▶ [EXERCISE DETAILS]
Could you give the listing again exactly, without its pictures?

▶ [DATA BLOCK]
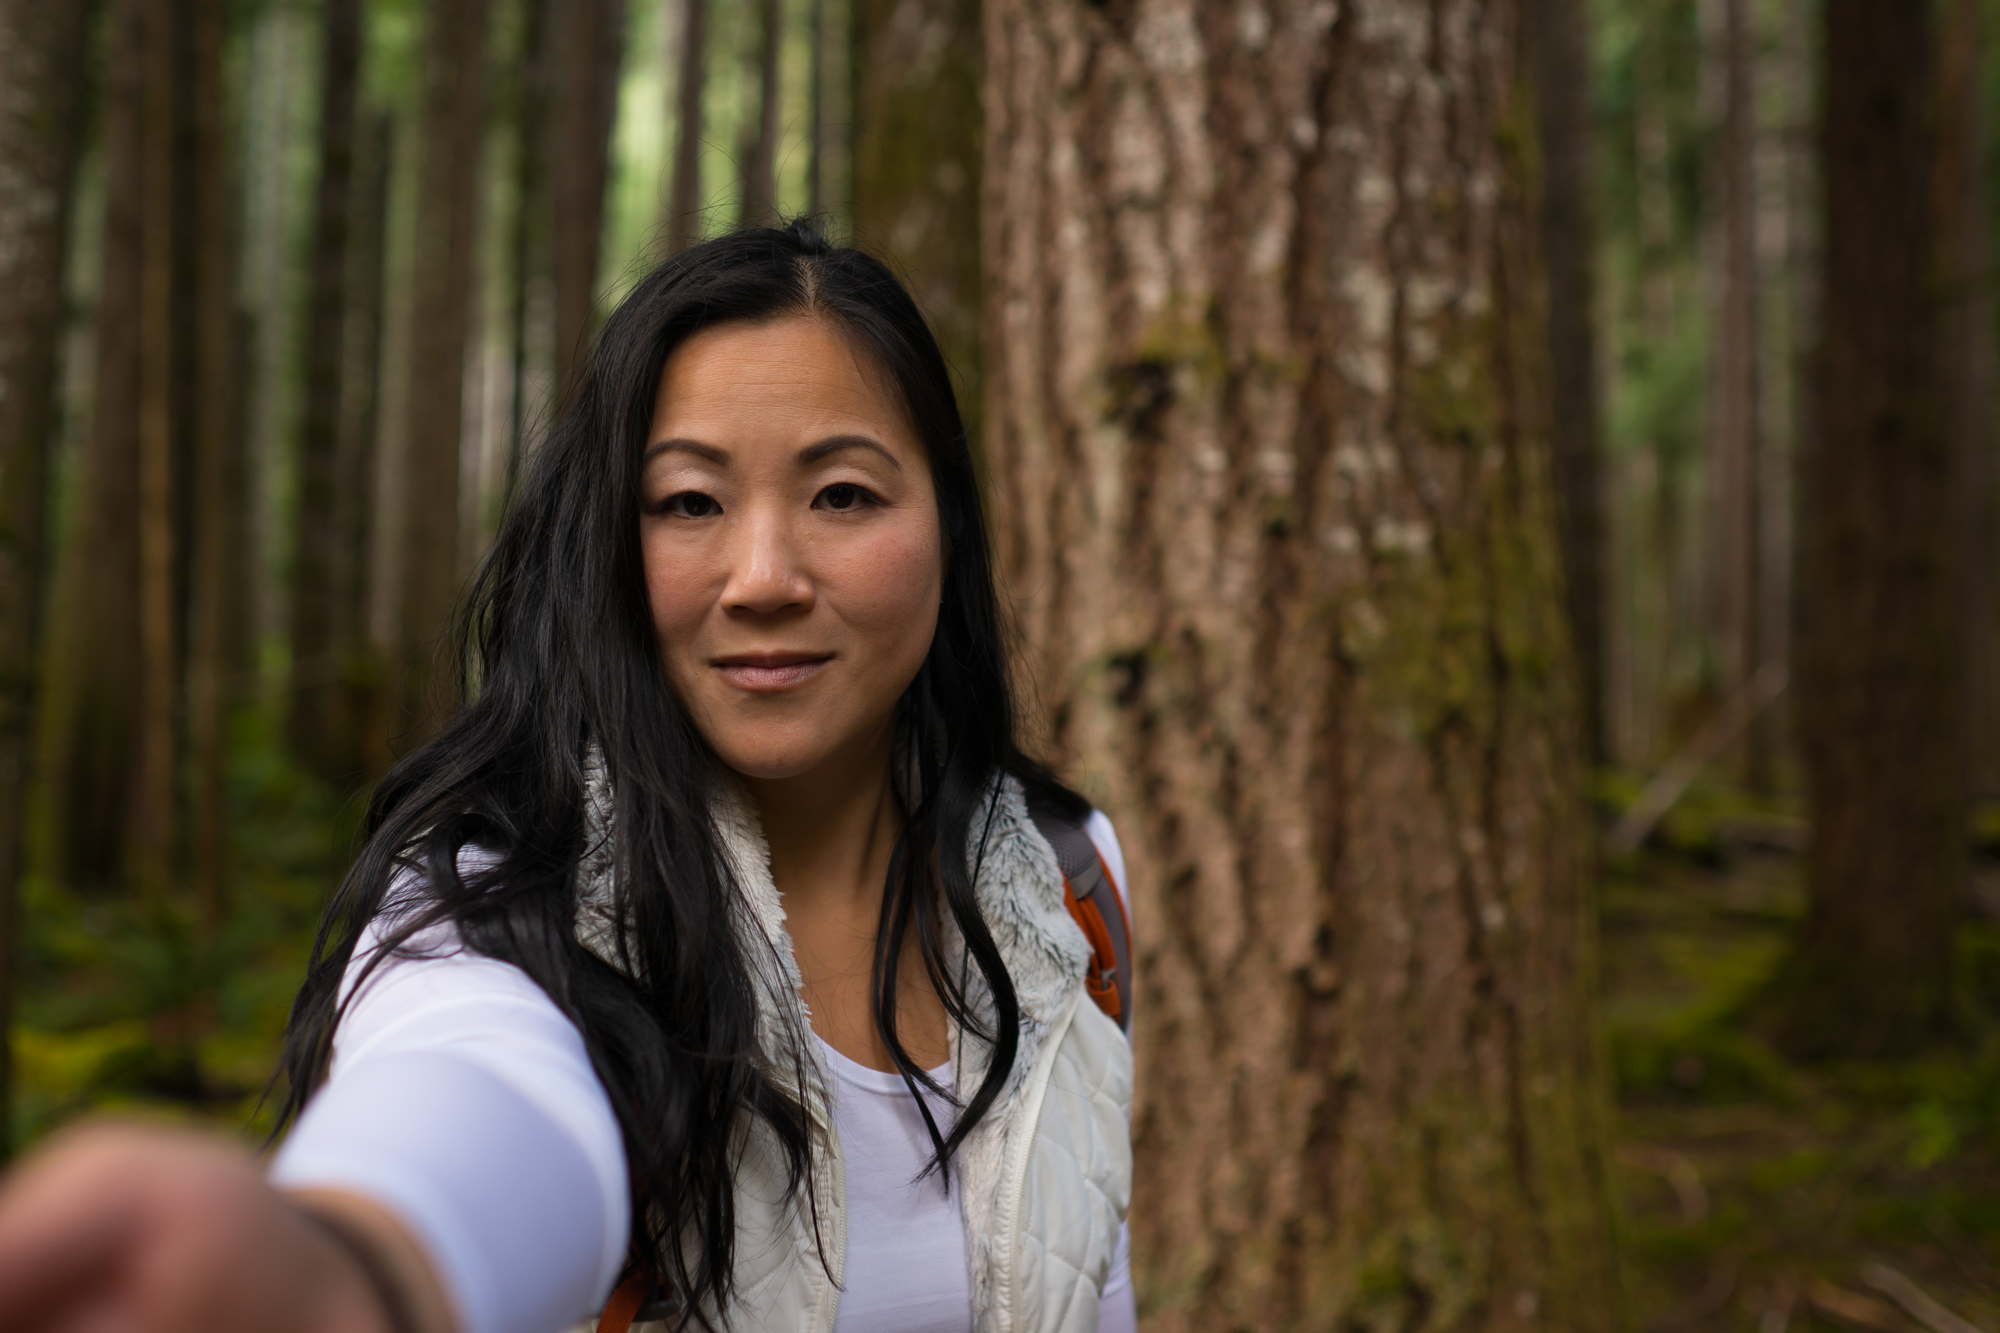 A woman with long dark hair reaches towards the camera during an outdoor portrait photo shoot
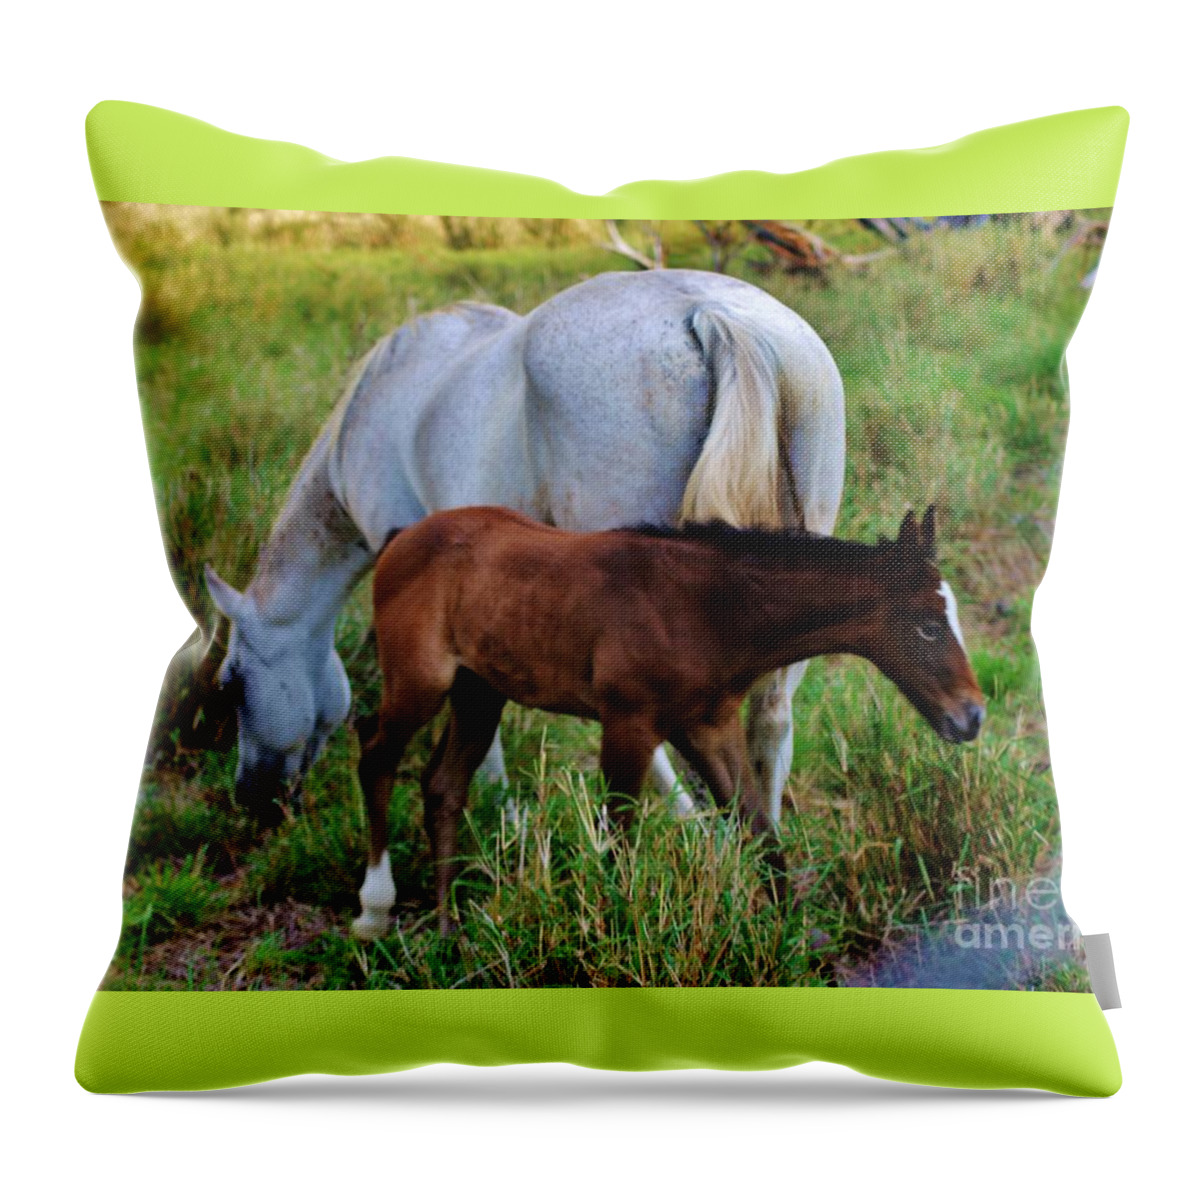 Horses Throw Pillow featuring the photograph Mother and Child by Craig Wood
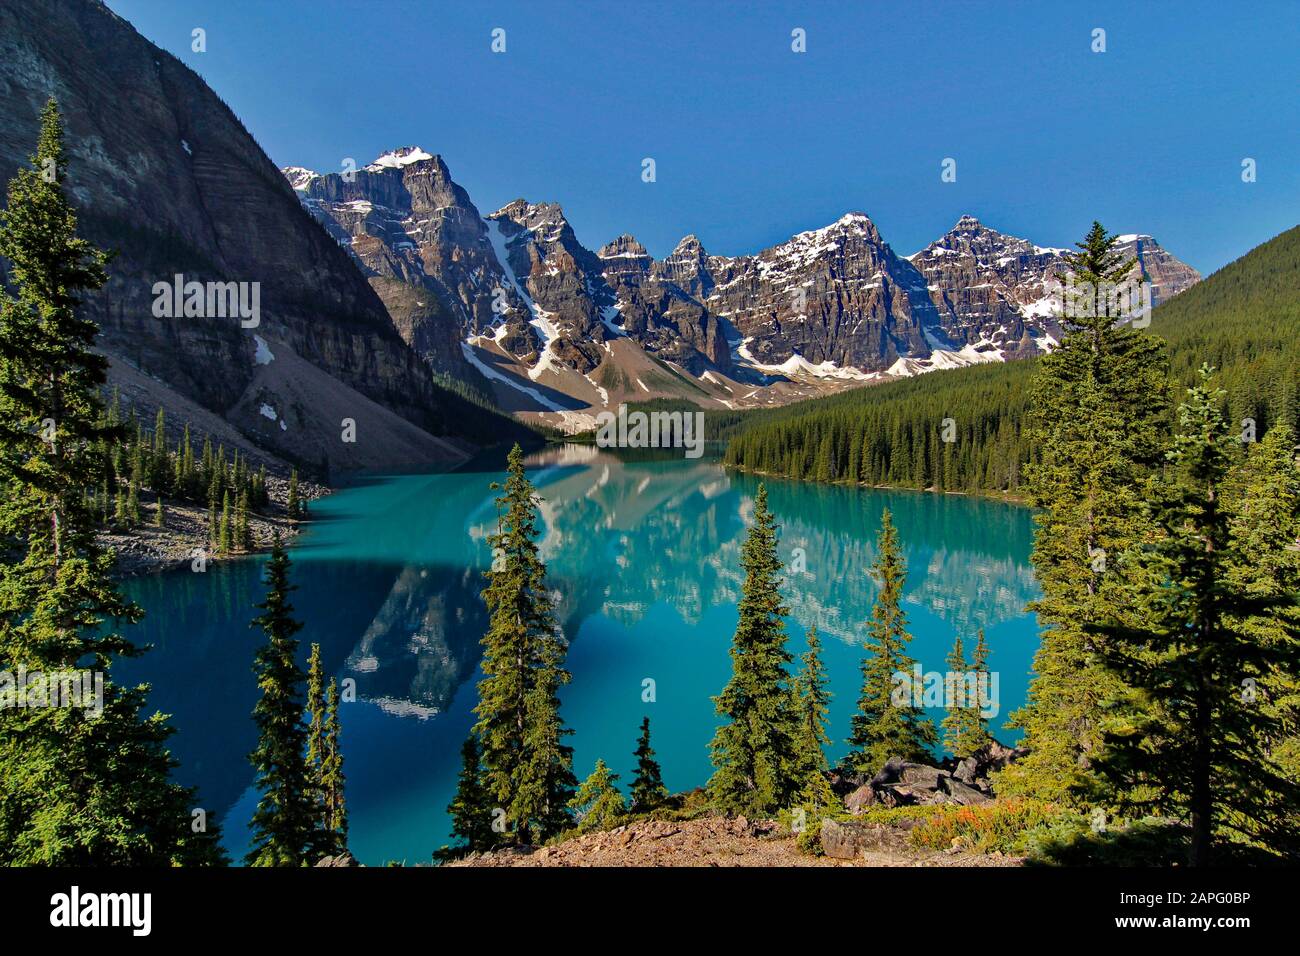 Moraine Lake, Valley of the Ten Peaks, Banff National Park, Rocky Mountains, Alberta, Canada Stock Photo

▶ [ANSWER FOR THIS EXERCISE]
 A woman with long dark hair reaches towards the camera during an outdoor portrait photo shoot
 Horses Throw Pillow featuring the photograph Mother and Child by Craig Wood
 Moraine Lake, Valley of the Ten Peaks, Banff National Park, Rocky Mountains, Alberta, Canada Stock Photo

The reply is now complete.